Individual Transactions
The steps required for individual transactions in the accounting process are:
1. Identify the transaction. First, determine what kind of transaction it may be. Examples are buying goods from suppliers, selling products to customers, paying employees, and recording the receipt of cash from customers. 2. Prepare document. There is frequently a business document to be prepared or recognized to initiate the transaction, such as an invoice to a customer or an invoice from a supplier. 3. Identify accounts. Every business transaction is recorded in an account in the accounting database, such as a revenue, expense, asset, liability, or stockholders' equity account. Identify which accounts are to be used to record the transaction. 4. Record the transaction. Enter the transaction in the accounting system. This is done either with a journal entry or an on-line standard transaction form (such as is used to record cash receipts against open accounts receivable). In the latter case, the transaction forms record information in a pre-determined set of accounts (which can be overridden). These four steps are the part of the accounting process used to record individual business transactions in the accounting records.
Period-End Processing
The remaining steps in the accounting process are used to aggregate all of the information created in the preceding steps, and present it in the format of financial statements. The steps are:
1. Prepare trial balance. The trial balance is simply a listing of the ending balances in every account. The total of all the debits in the trial balance should equal the total of all the credits; if not, there was an error in the entry of the original transactions that must be researched and corrected. 2. Adjust the trial balance. It may be necessary to adjust the trial balance, either to correct errors or to create allowances of various kinds, or to accrue for revenues or expenses in the period. 3. Prepare adjusted trial balance. This is the original trial balance, plus or minus all adjustments subsequently made. 4. Prepare financial statements. Create the financial statements from the adjusted trial balance. The asset, liability, and shareholders' equity line items form the balance sheet, while the revenue expense line items form the income statement. 5. Close the period. This involves shifting the balances in the revenue and expense accounts into the retained earnings account, leaving them empty and ready to receive transactions for the next accounting period. 6. Prepare a post-closing trial balance.
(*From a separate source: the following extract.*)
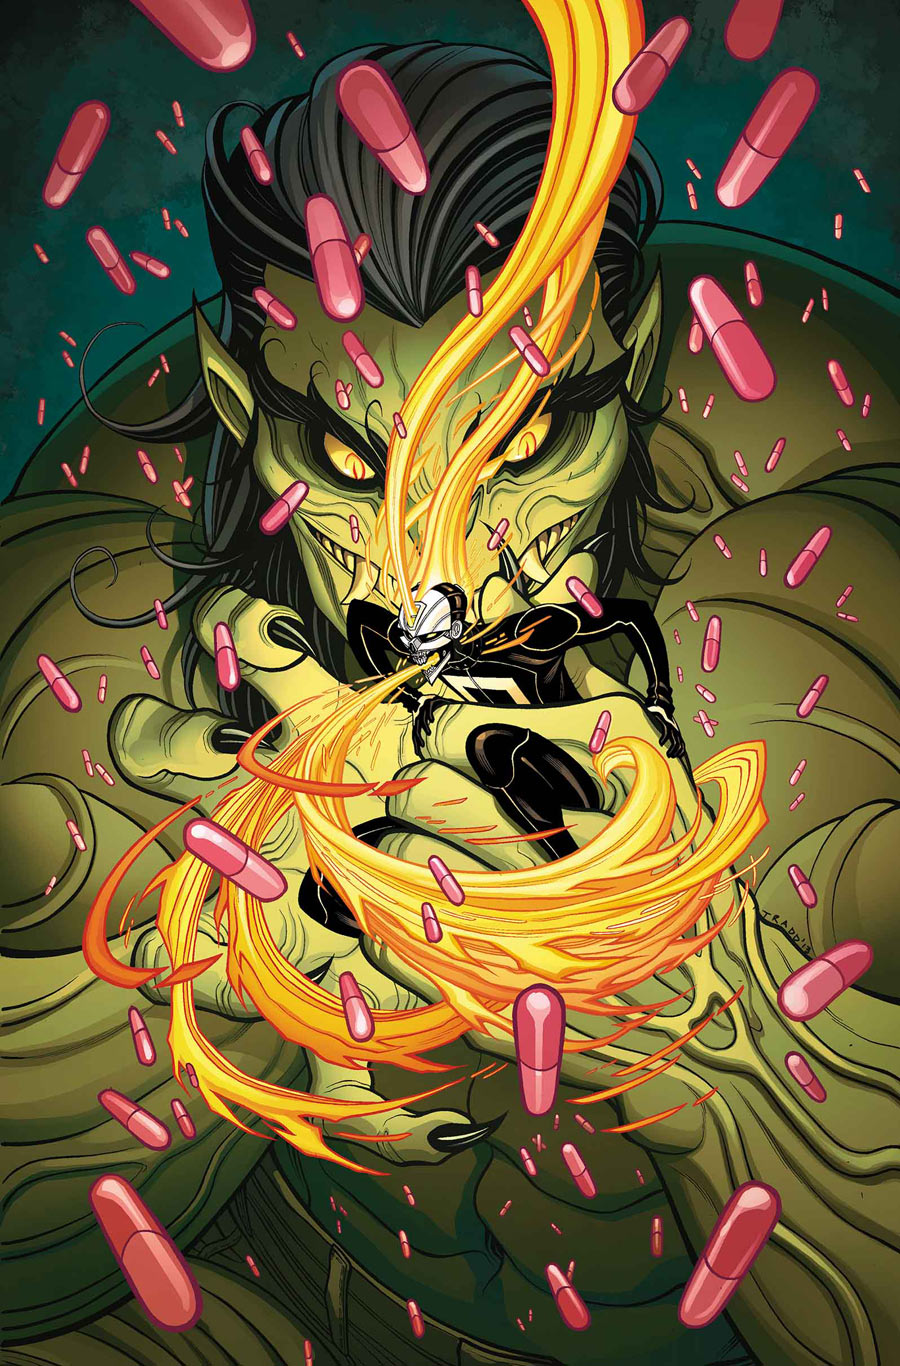 ALL-NEW GHOST RIDER #3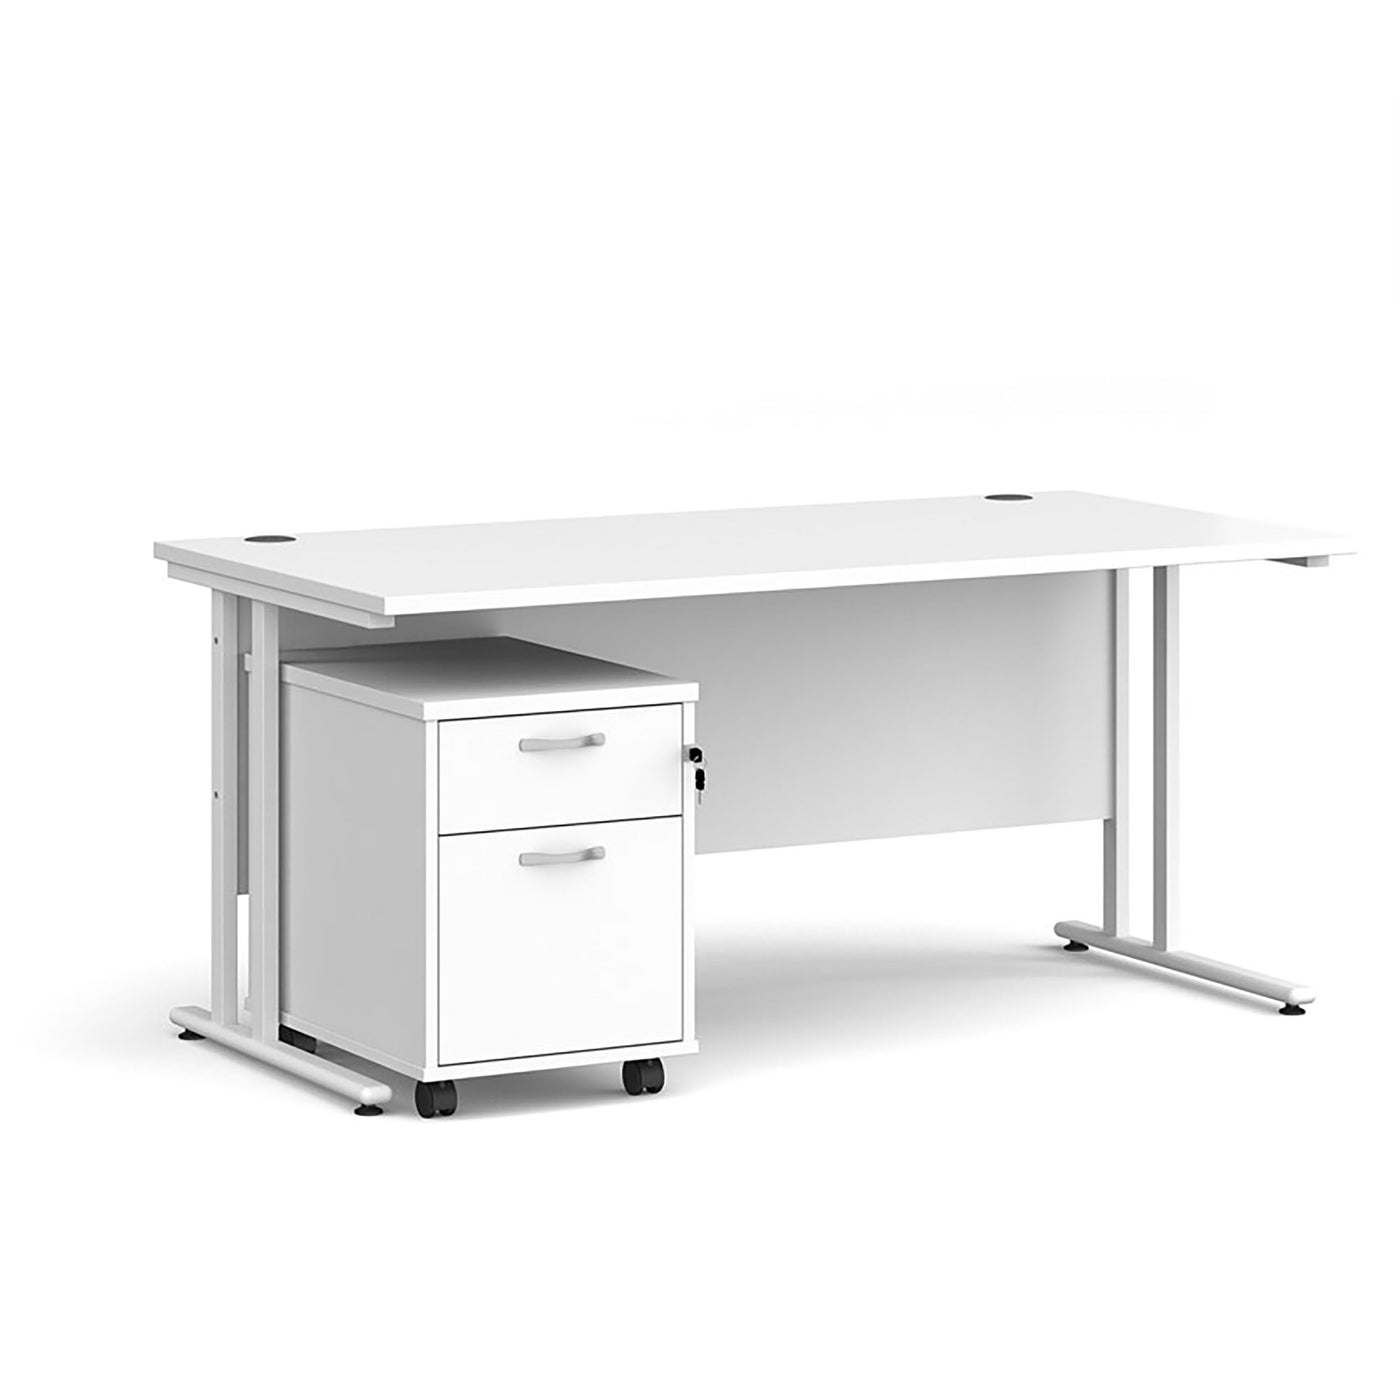 Maestro 25 with 2 Drawer Pedestal | Home Office Desk | Work From Home | Desk with storage | Desk with storage drawers

This version of the trial balance should have zero account balances for all revenue and expense accounts. In reality, any accounting software package will automatically create all versions of the trial balance and the financial statements, so the actual steps in the accounting process may be considerably reduced. Instead, the steps used in a computerized environment are likely to be:
Prepare financial statements. This information is automatically compiled from the general ledger by the accounting software. Close the period. The accounting staff closes the accounting period that has just been completed, and opens the new accounting period. Doing so prevents current-period transactions from being inadvertently entered into the prior accounting period. In a multi- division company, it may be necessary to complete this period closing step in the software for each subsidiary.